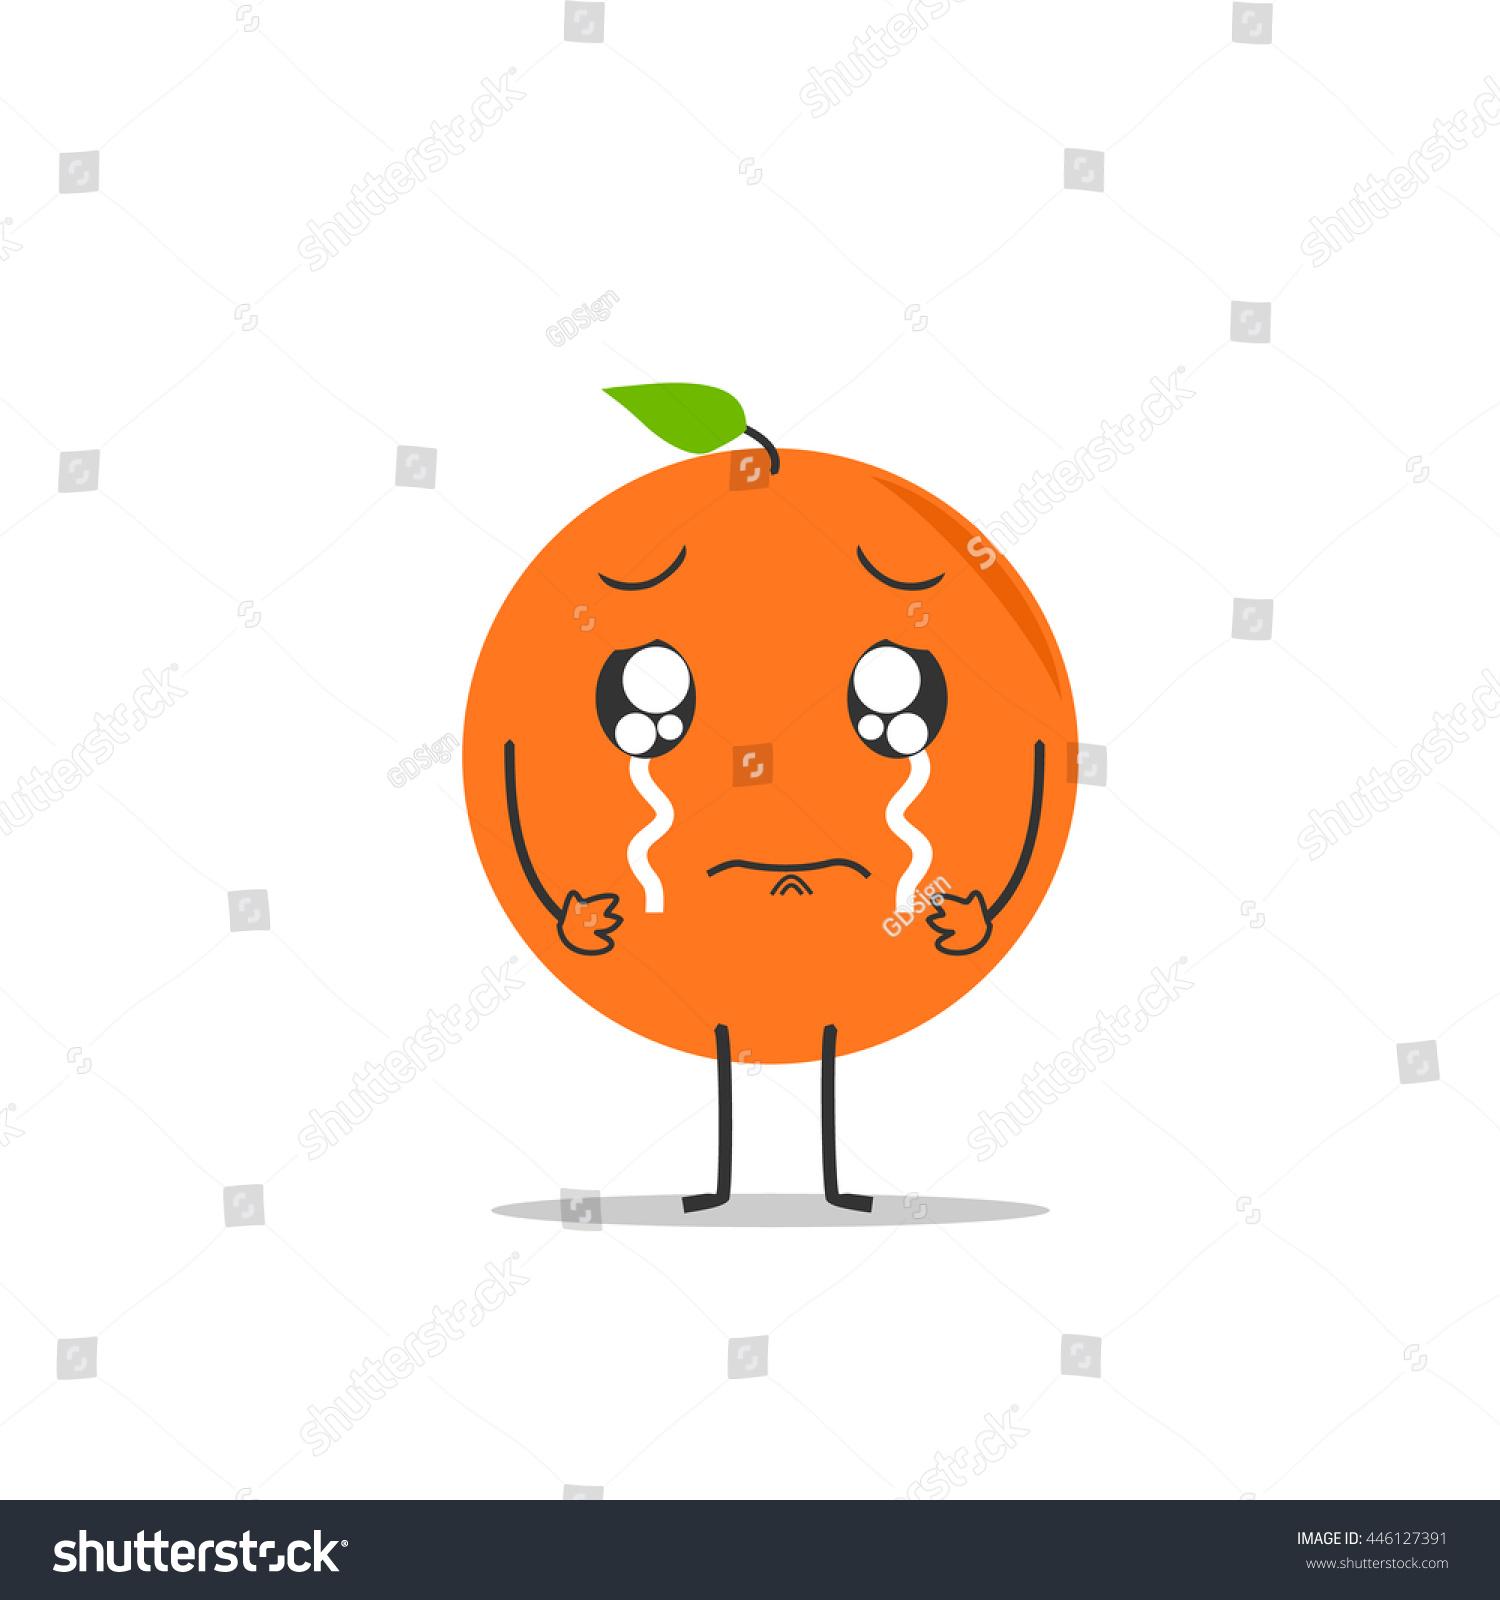 crying orange simple clean cartoon illustration stock vector crying orange simple clean cartoon illustration
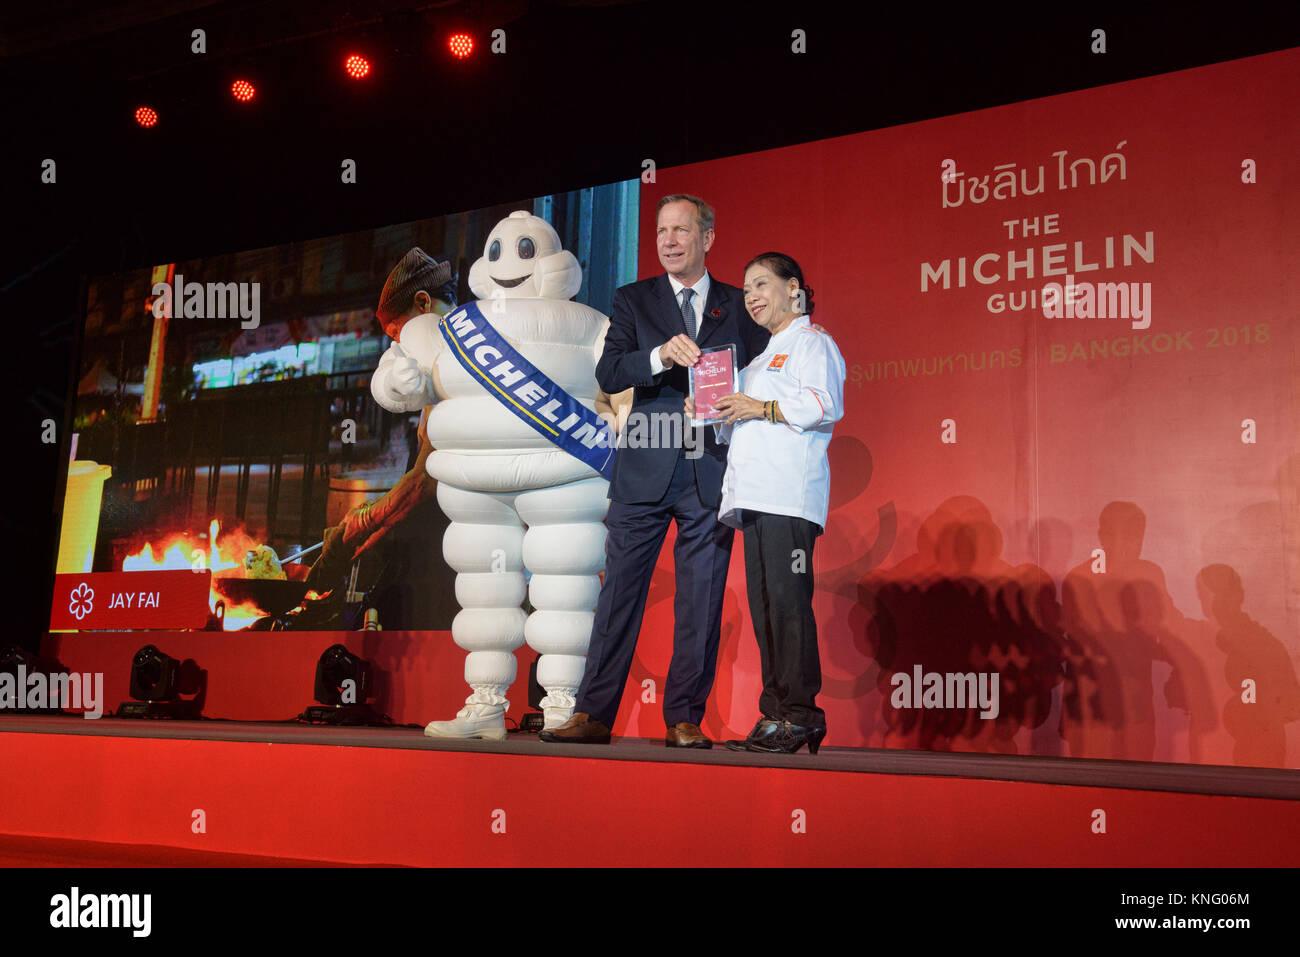 Jay Fai awarded one star by the Michelin Guide, Bangkok, Thailand Stock Photo
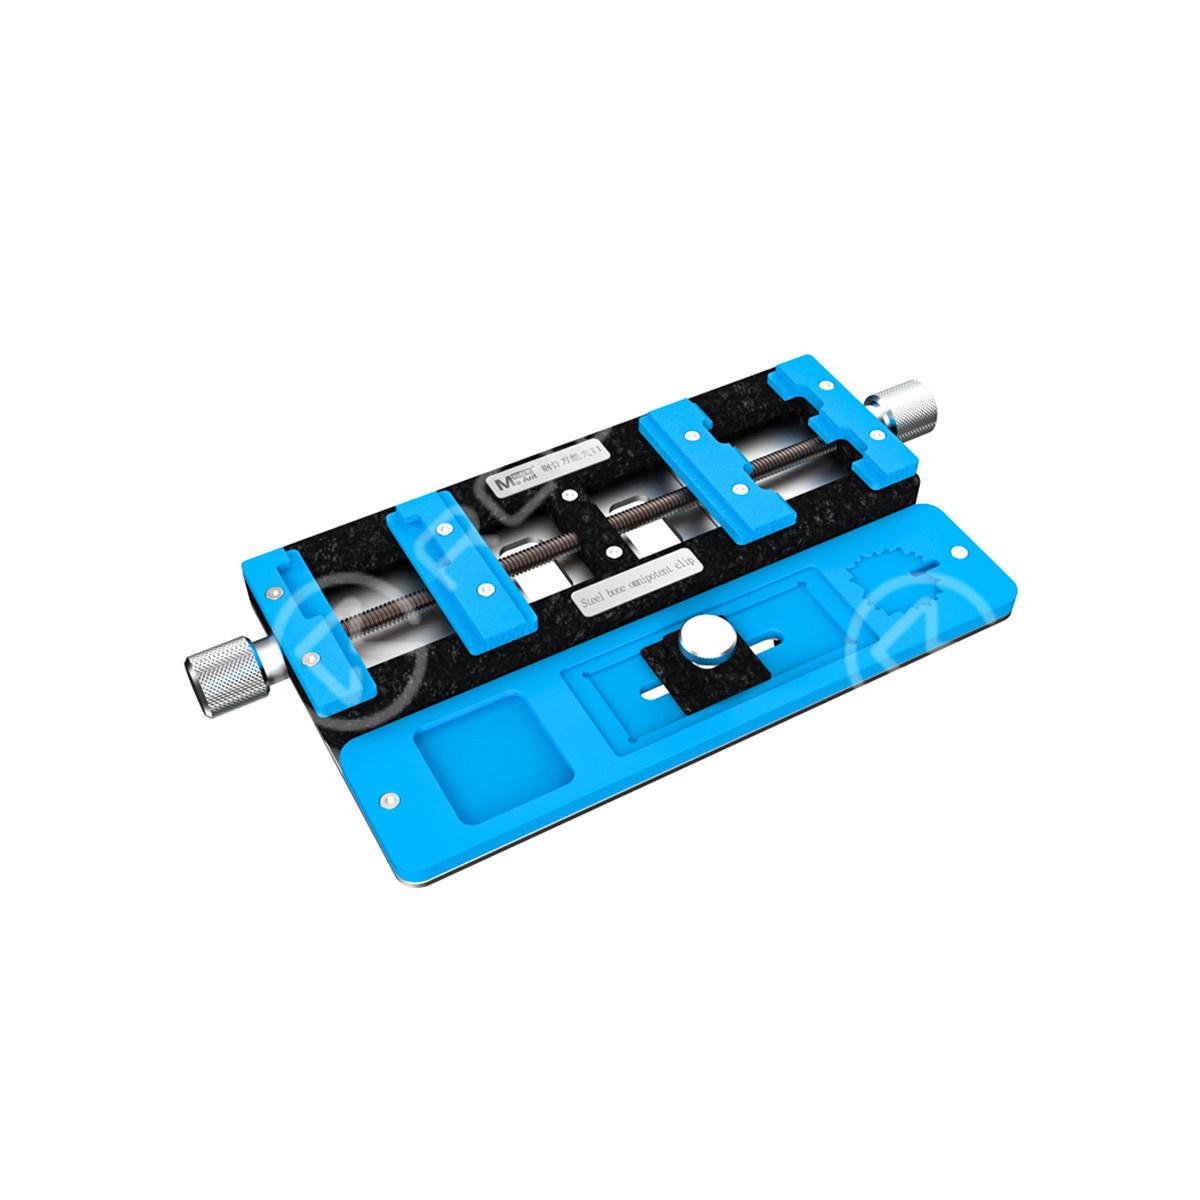 MaAnt T1 Universal PCB Holder for Soldering Repair

···

> **TASK TO COMPLETE**
Starting at the line that contains "Jay Fai awarded", extract each line through the last line of the material exactly as written, and include no pictures.

> **TASK RESULT**
 Jay Fai awarded one star by the Michelin Guide, Bangkok, Thailand Stock Photo
 MaAnt T1 Universal PCB Holder for Soldering Repair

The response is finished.